China is the 'bigger risk' in trade war, not Trump: CEO
Beijing could be the wildcard in trade negotiations with Washington, according to Europe's second-largest fund manager.
"The bigger risk of a trade war lies in the Chinese side rather than the U.S. side," said Martin Gilbert, co-chief executive of global investment firm Standard Life Aberdeen.
President Donald Trump is used to making compromises in deal-making, Gilbert told CNBC's Nancy Hungerford on the sidelines of the Singapore Summit over the weekend. But "whether China will do that, I think is the bigger risk," he continued.
The White House is reportedly planning a fresh round of duties on up to $200 billion of Chinese goods. If that takes place, Chinese President Xi Jinping's administration may not want to participate in bilateral talks, The Wall Street Journal announced on Sunday.

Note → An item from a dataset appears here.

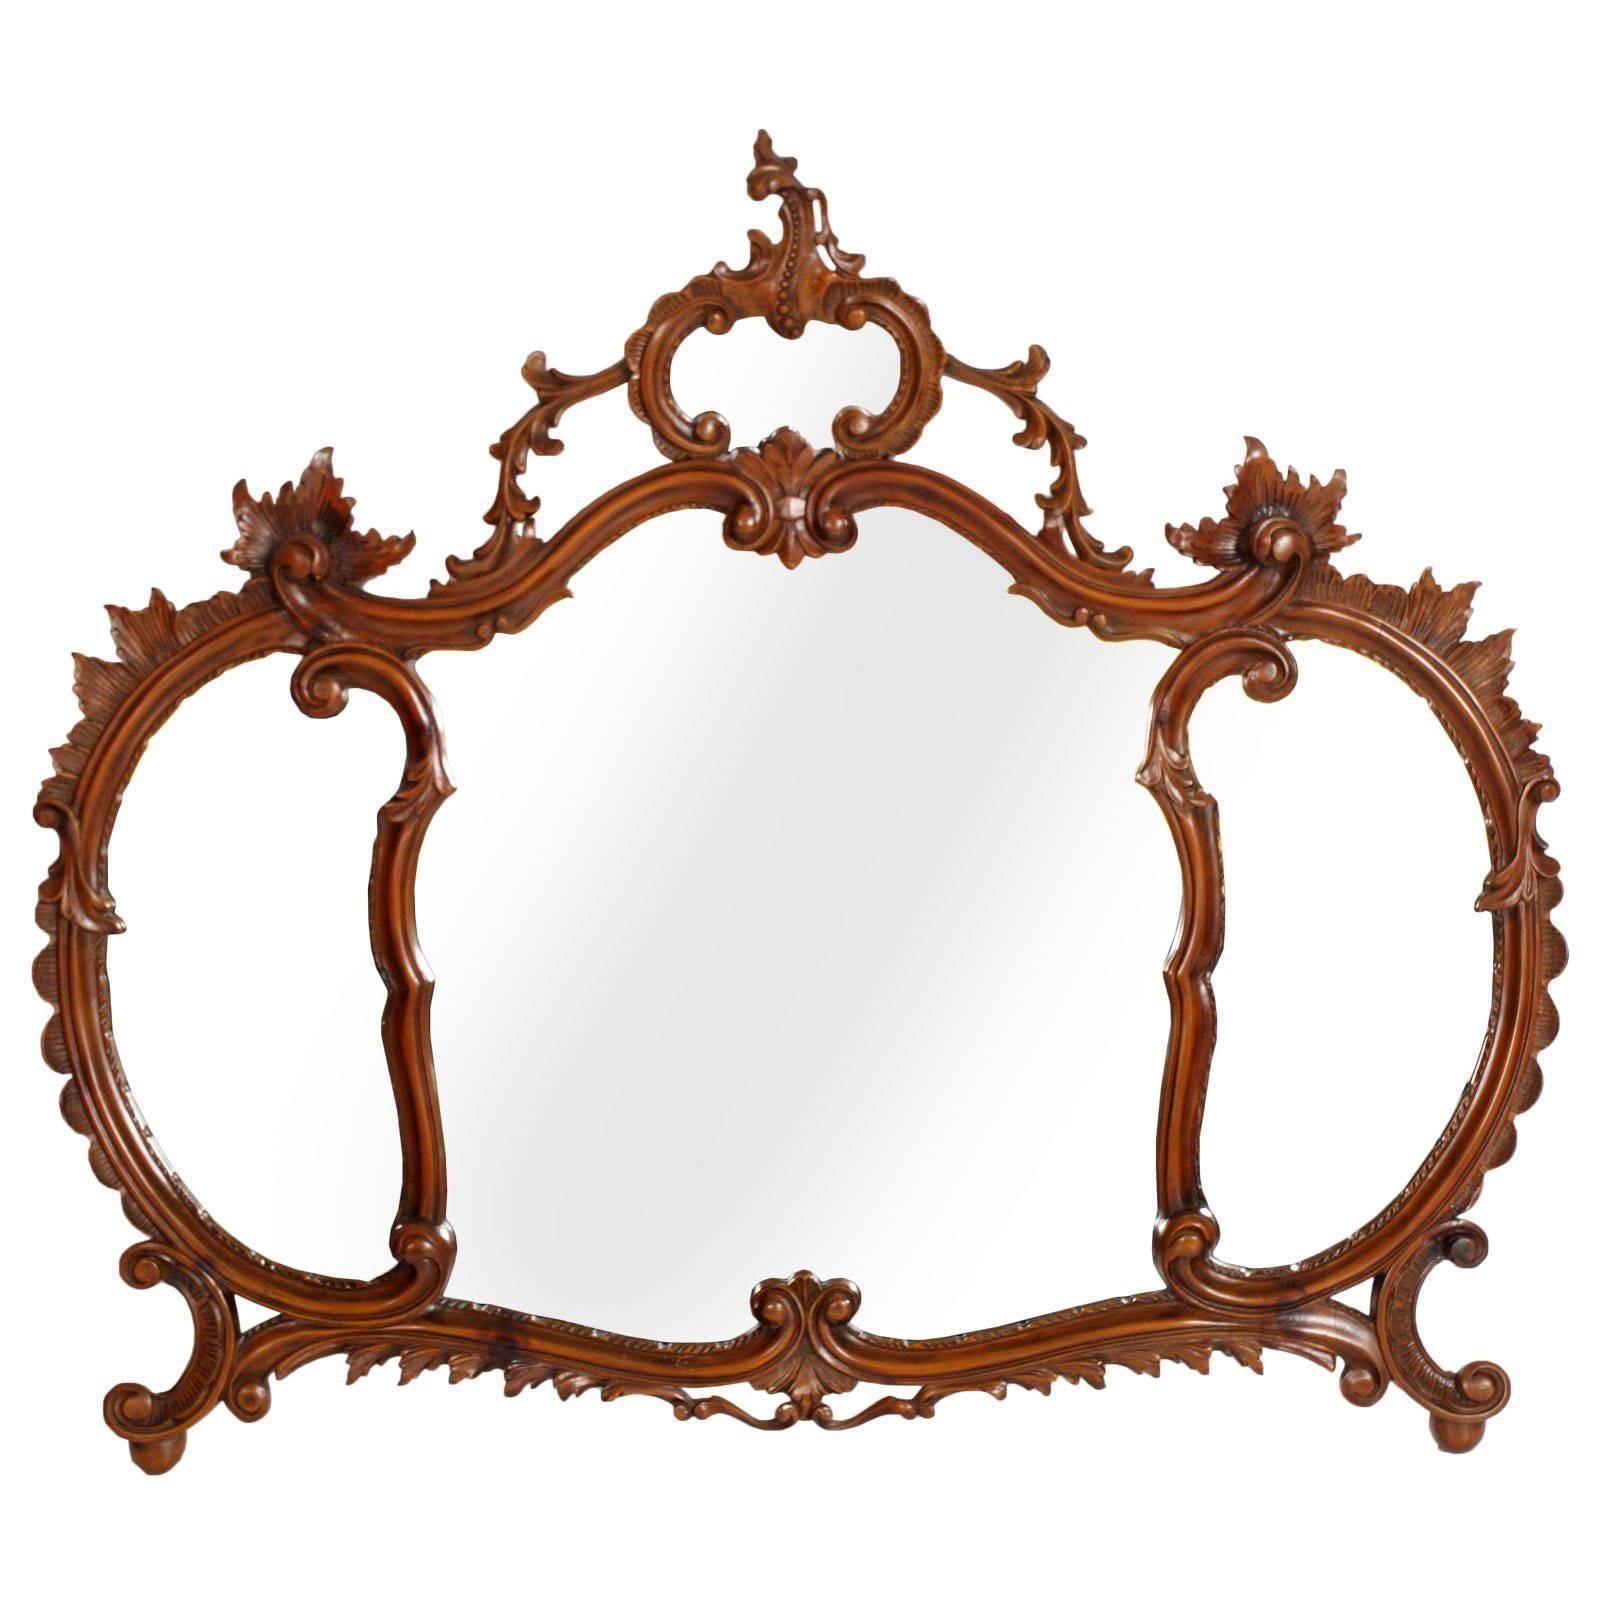 Early 20th Century Venetian Wall Mirror, Carved Walnut, Testolini Attributable

Trump's negotiating tactics stem from his 'Art of the Deal' philosophy, "which is ask for five billion when you want one billion," Gilbert stated. "I think he'll always settle for less than he is asking for," Gilbert continued, adding that he expected the two parties to eventually reach a compromise.
Standard Life Aberdeen, which operates in China, was created following last year's merger between Standard Life and Aberdeen Asset Management. It reported $790 billion in assets under management and administration in the first six months of the year.
When asked how his company stood in relation to China's asset players, Gilbert noted the latter group enjoyed a "huge advantage" over their foreign counterparts.
"China's very clever at getting you in and probably making sure you don't make too much money," he said.